Возникает соблазн записать Михнова в пророки “виртуального искусства”, хотя и вся новая живопись XX века, задолго до Михнова и тем более до Интернета, предуготовляла вроде бы этот переворот. Только благоразумнее воздержаться и направить “разгадывание” Михнова не в даль гипотетического будущего, а “назад”, пытаясь определить в его небывалом, фантастическом искусстве устойчивые основания, “вечные ценности”. Михнов не суперавангардист — он классик. Компьютерные игры не для него. Михнов не покушался на изначальную природу искусства — он хотел очистить ее от наслоений исторического времени, от той “порчи”, которой, как он считал, эта природа была подвергнута.

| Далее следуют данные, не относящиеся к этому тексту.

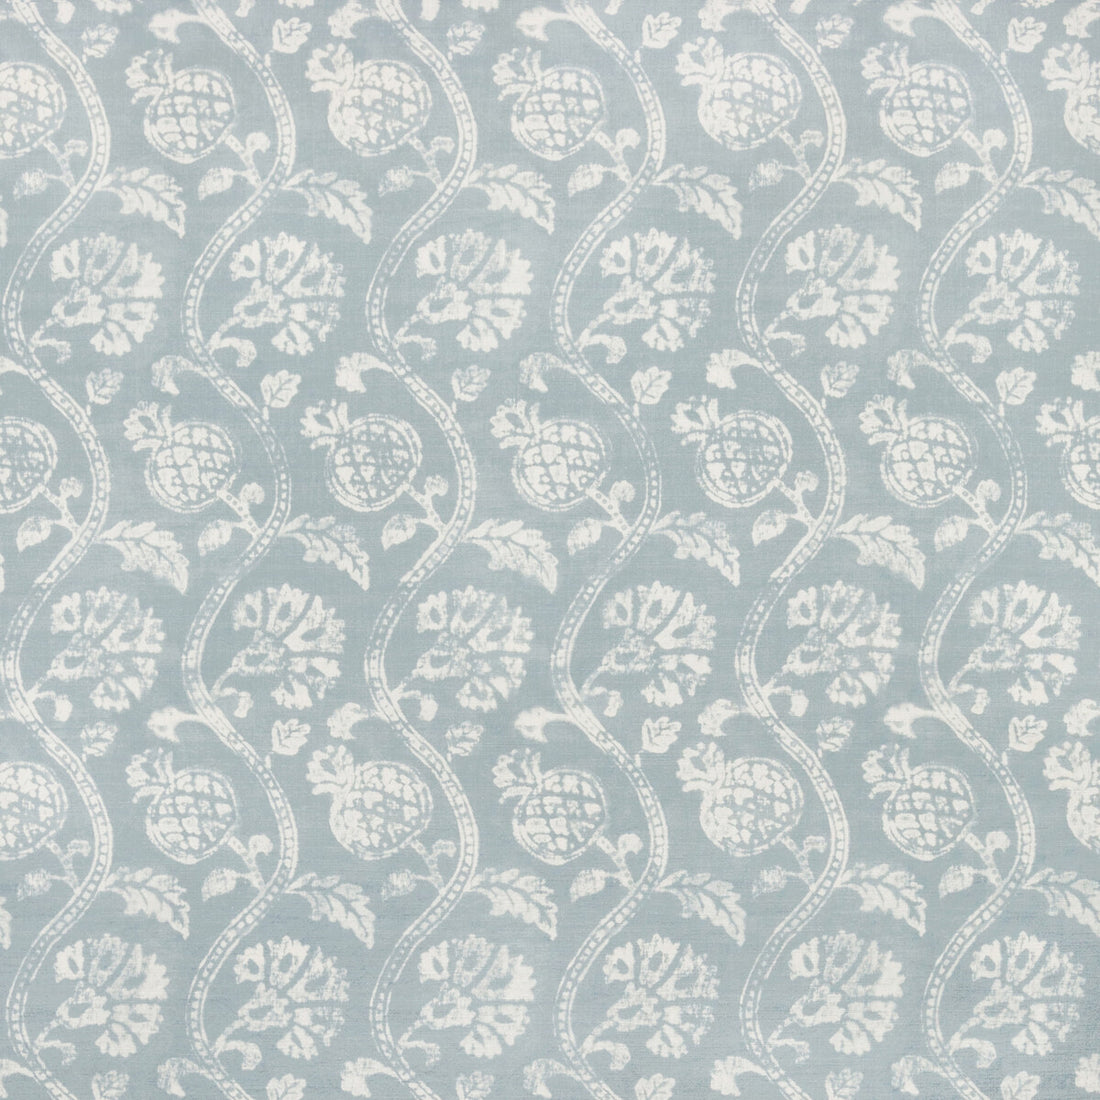 Amballa fabric in horizon color - pattern AMBALLA.511.0 - by Kravet Basics in the Ceylon collection
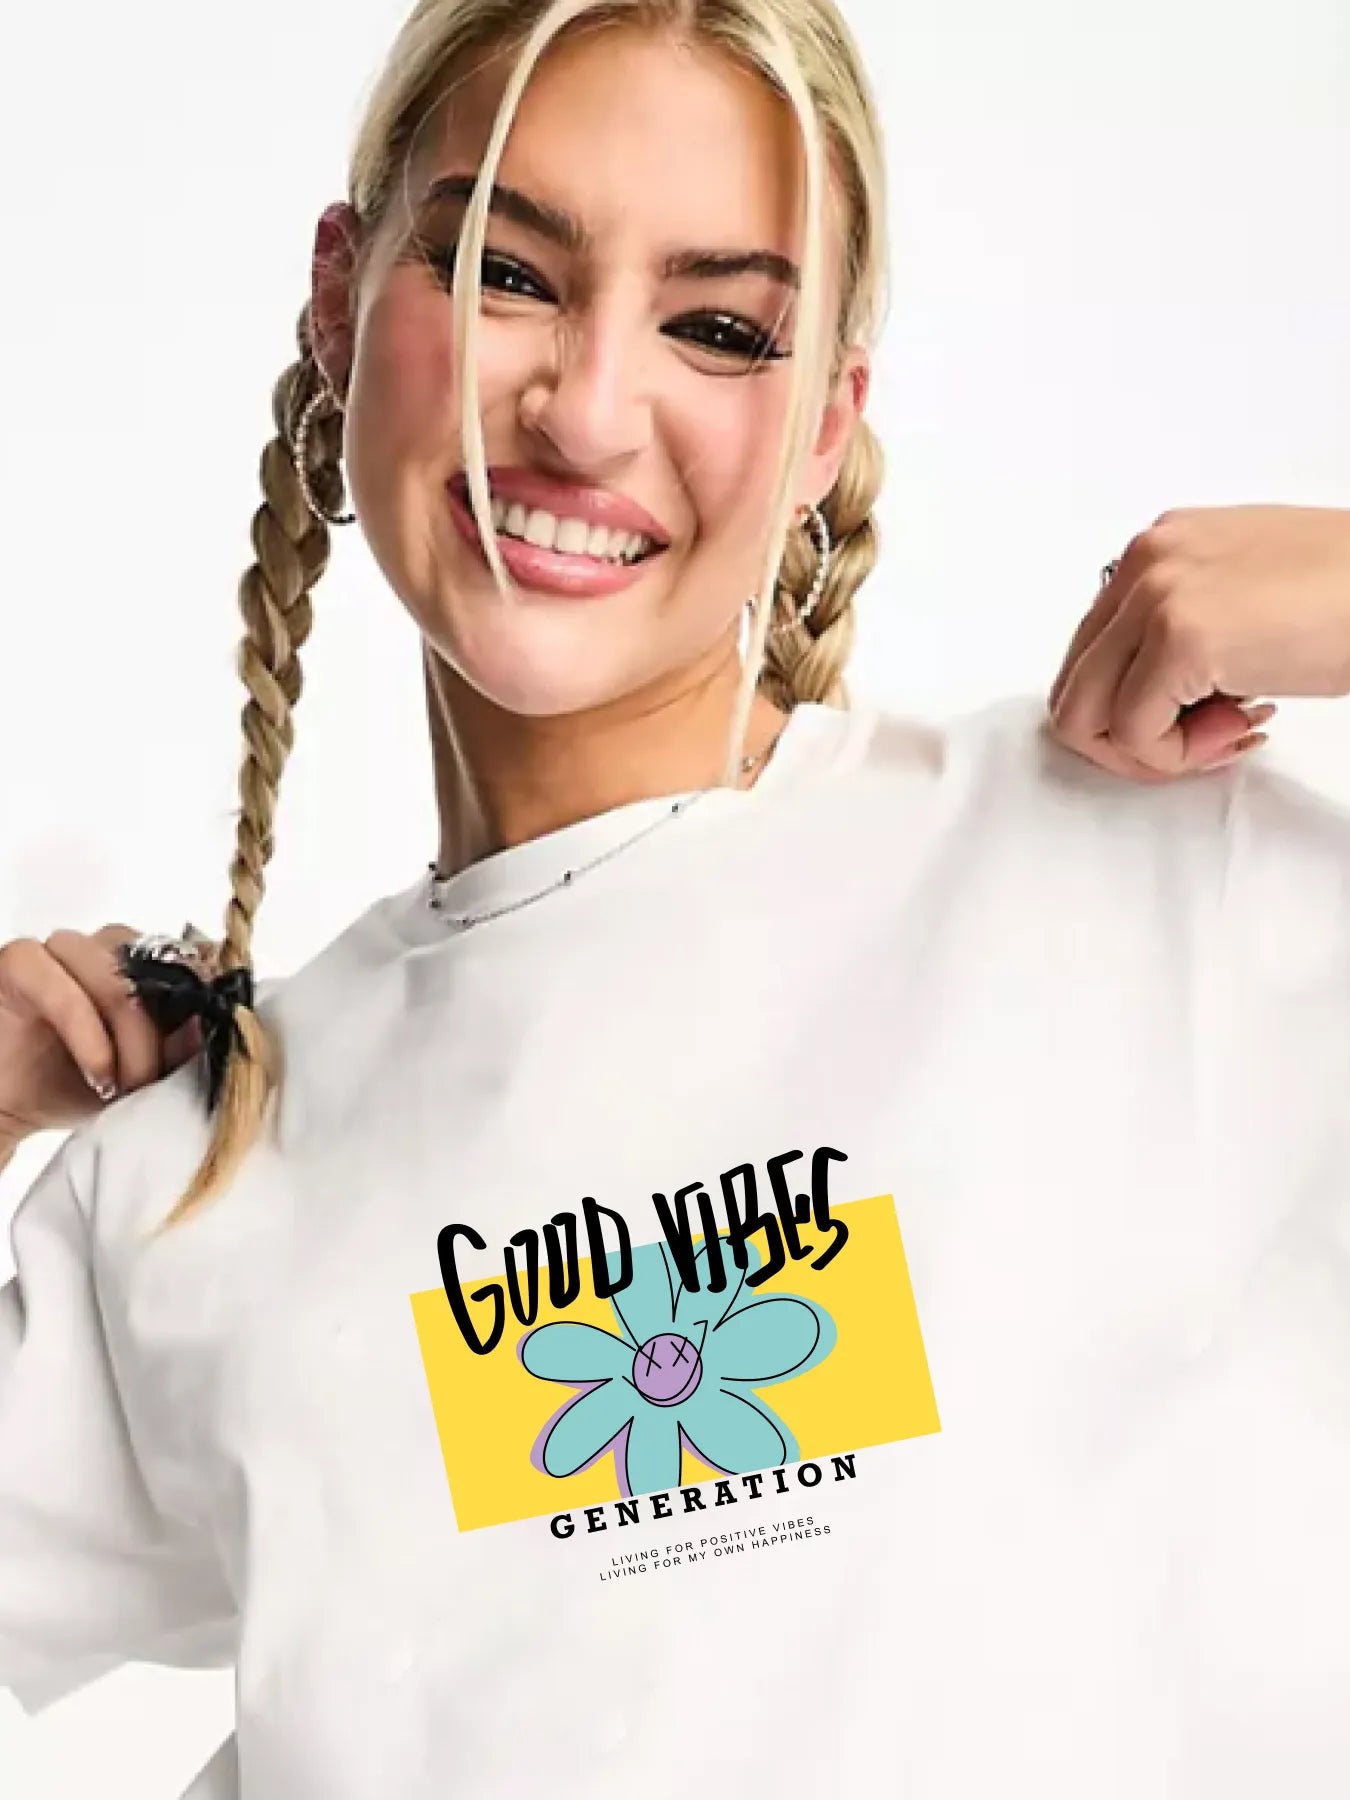 Good Vibe Generation - T-Shirt

Искусство всегда предполагало соучастие тех, кто его воспринимает. В XX веке, в пору обострения специфики искусств, это соучастие (без кавычек) резко усилилось и усложнилось, к живописи это относится со всей очевидностью. Зрителю необходимо преодолеть трудный барьер живописного профессионализма, надо много знать о живописи и научиться смотреть живопись как особое искусство. Эту необходимость можно, конечно, перекрыть интенсивностью субъективных впечатлений и переживаний перед картиной, но они, как правило, уводят далеко от тех специфических свойств живописи, которые все-таки можно считать объективными. Михнов эти впечатления, выражающиеся прежде всего в разнообразных зрительных ассоциациях, которые рождаются у зрителя при рассматривании его картин, считал первоначальным и совсем не главным этапом восприятия.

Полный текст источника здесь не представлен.